Does cgroup memory.limit_in_bytes apply to VIRT or RES memory sizes? I ask because in Fedora 23, it looked to me like RES (resident) memory was limited by cgroup. Then I installed Fedora 25, and suddenly I was getting frequent process kills that did not happen before (some dmesg output included at bottom to illustrate the problem). I have a hunch that between Fedora 23 and 25, cgroup changed behavior and now seems to limit VIRT instead of RES memory usage.
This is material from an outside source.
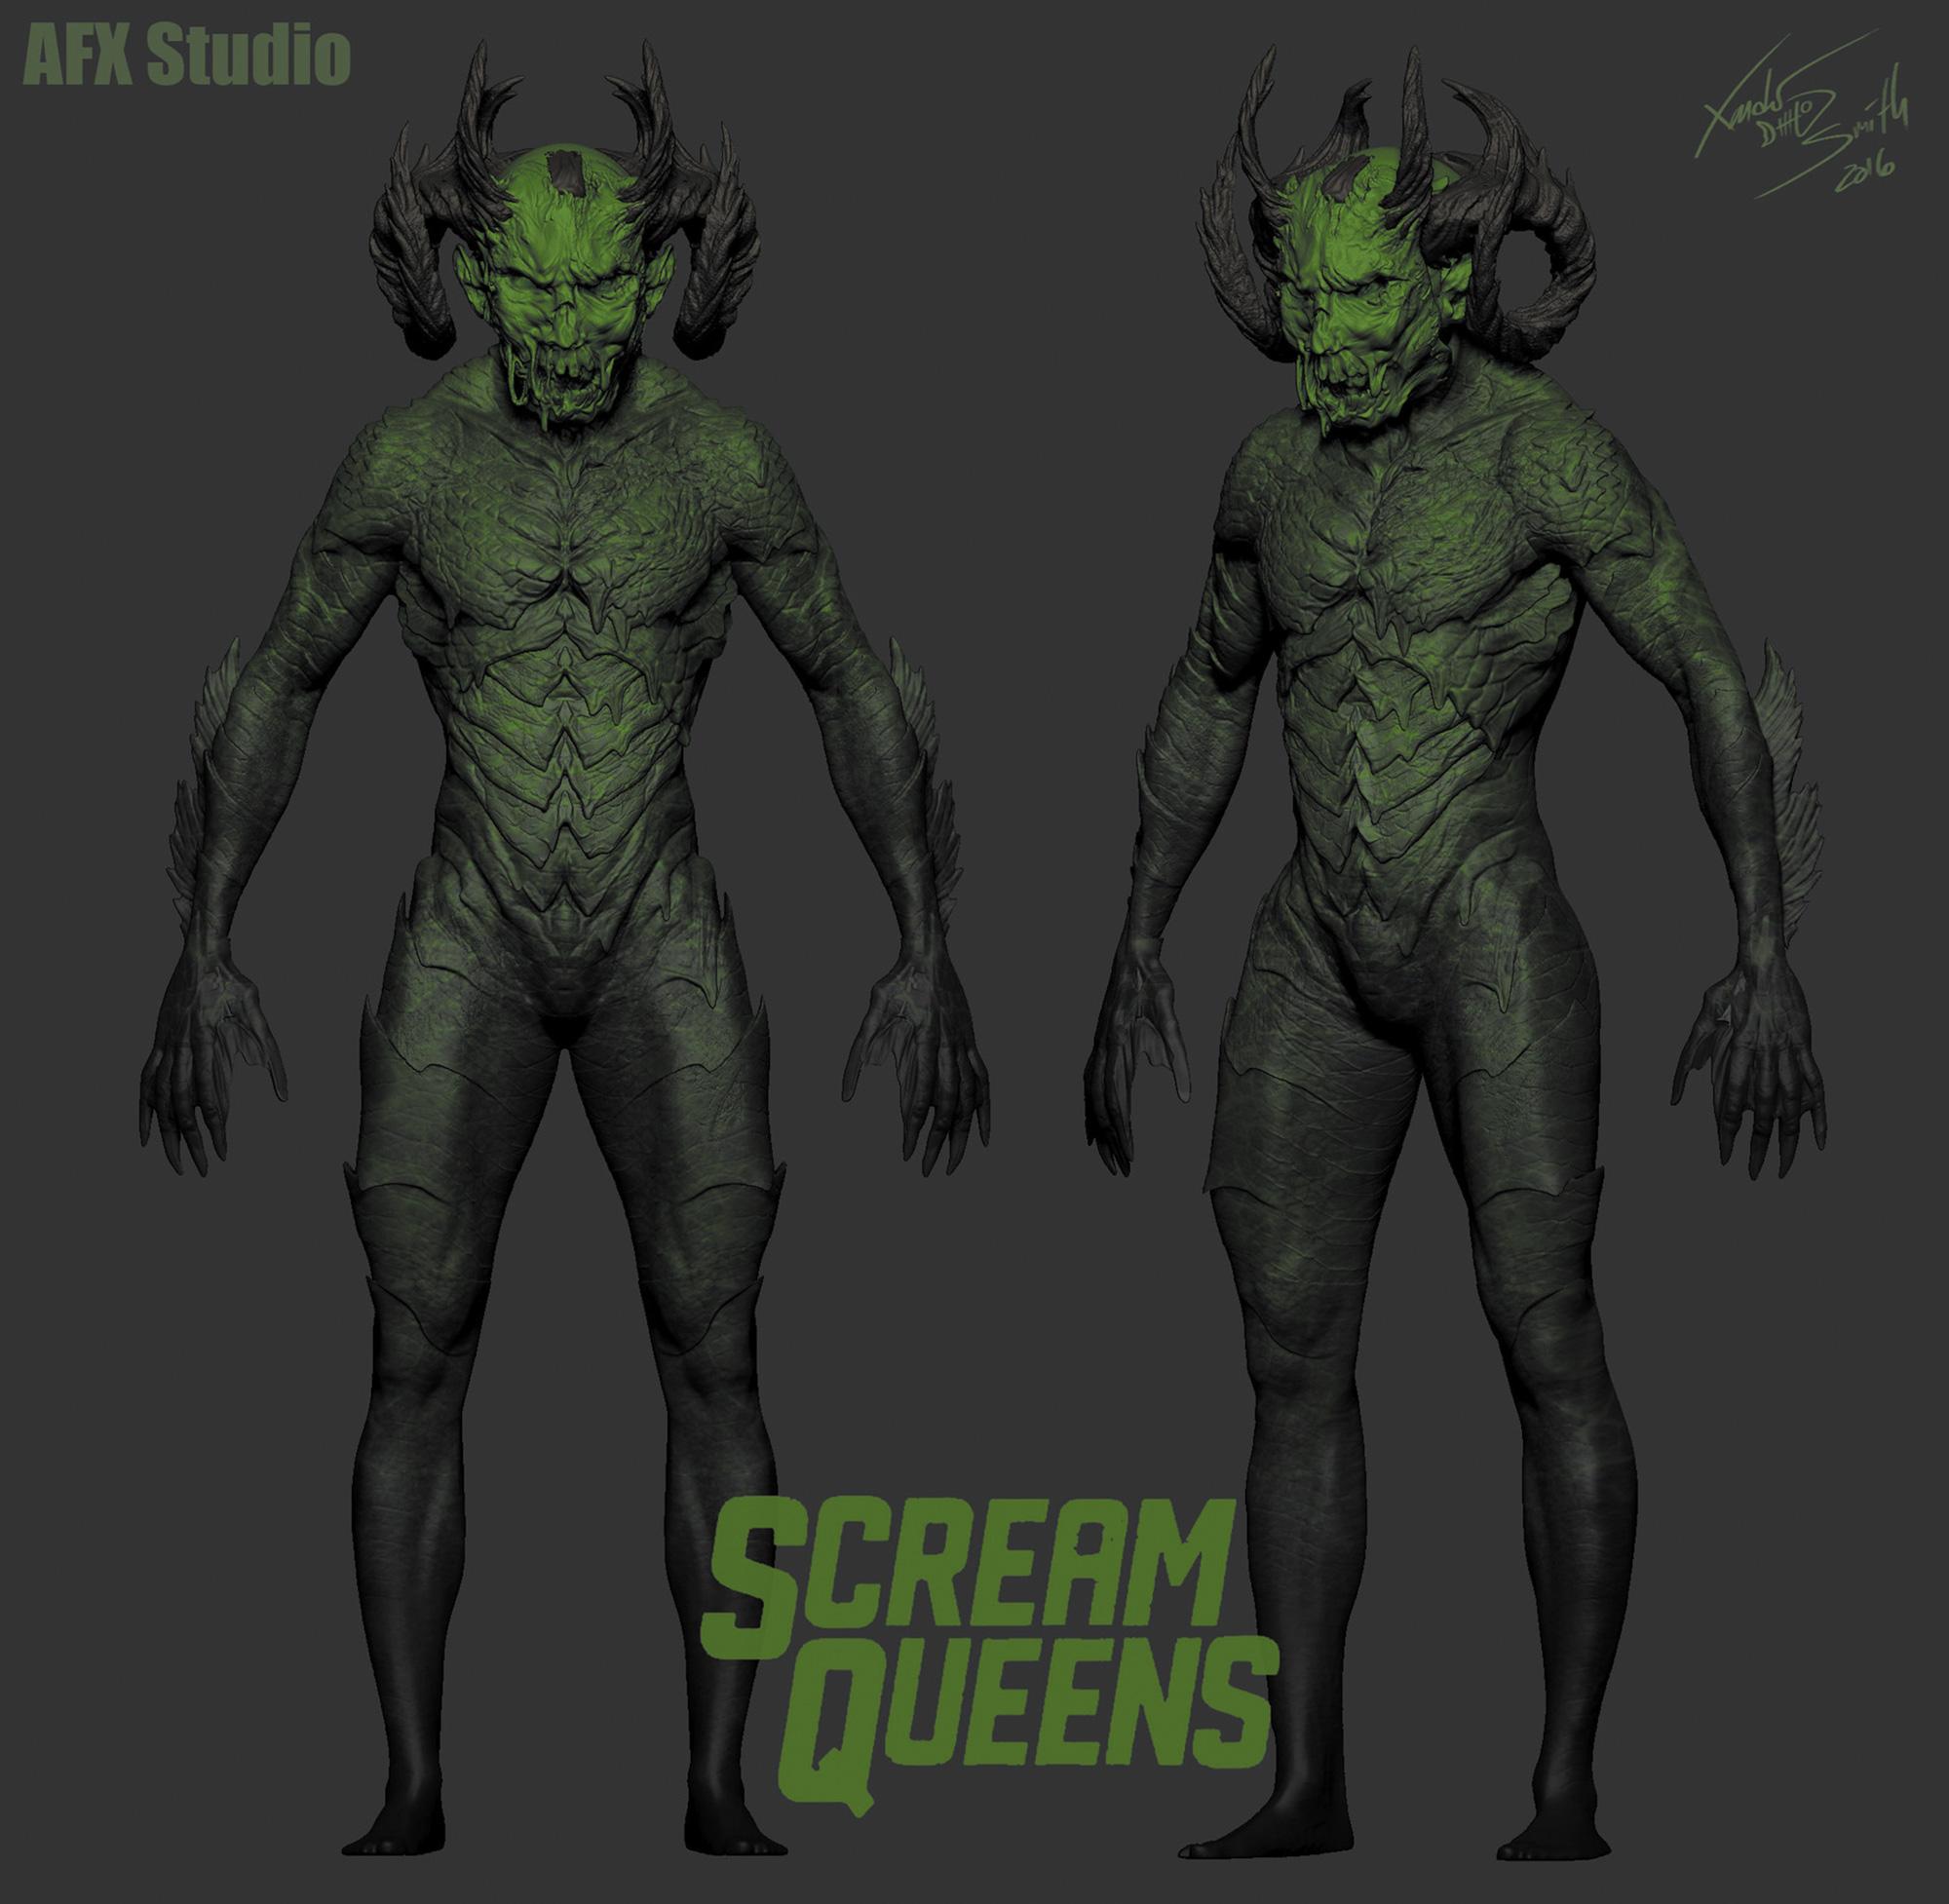 ScreamQueens_CostumeIllustration01__Artopsy_XanderSmith_Birdy092_KrystiJomei
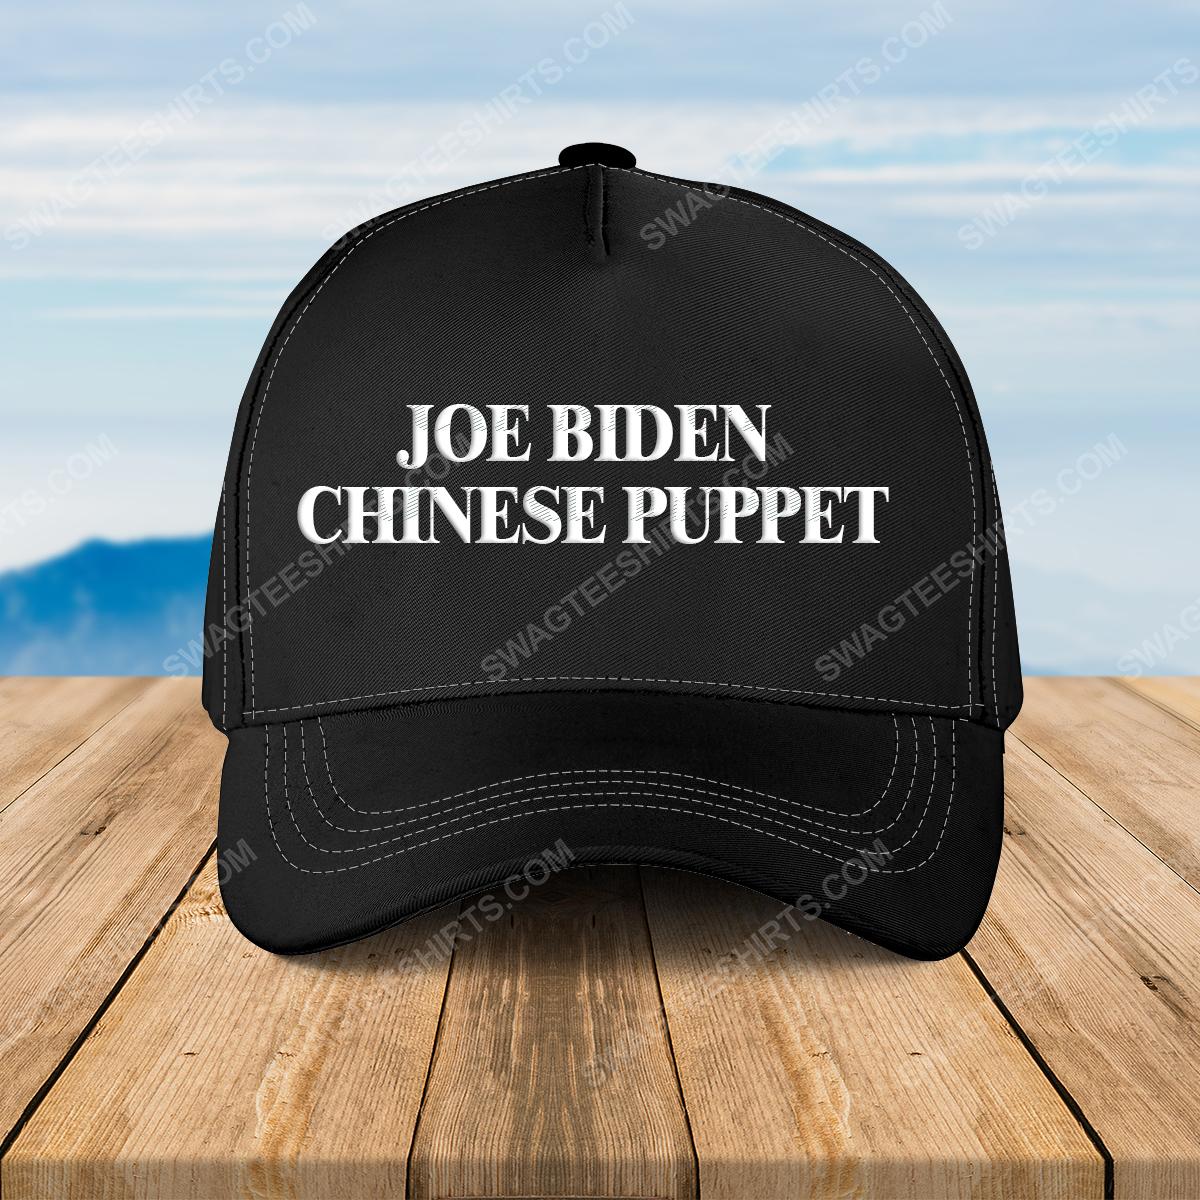 Joe biden chinese puppet full print classic hat 1 - Copy (3)

Can anyone confirm my suspicion? And is there a way to get the old behavior back? I have searched around in the cgroup kernel docs but have not found anything, perhaps because I'm searching with incorrect terminology.

dmesg output:

Tue Jun 20 01:46:12 2017: Memory cgroup out of memory: Kill process 787 (Web Content) score 204 or sacrifice child
Tue Jun 20 01:46:12 2017: Killed process 787 (Web Content) total-vm:14151032kB, anon-rss:5000940kB, file-rss:6132kB, shmem-rss:115956kB

1 Answer

It applies to the user memory including the file cache.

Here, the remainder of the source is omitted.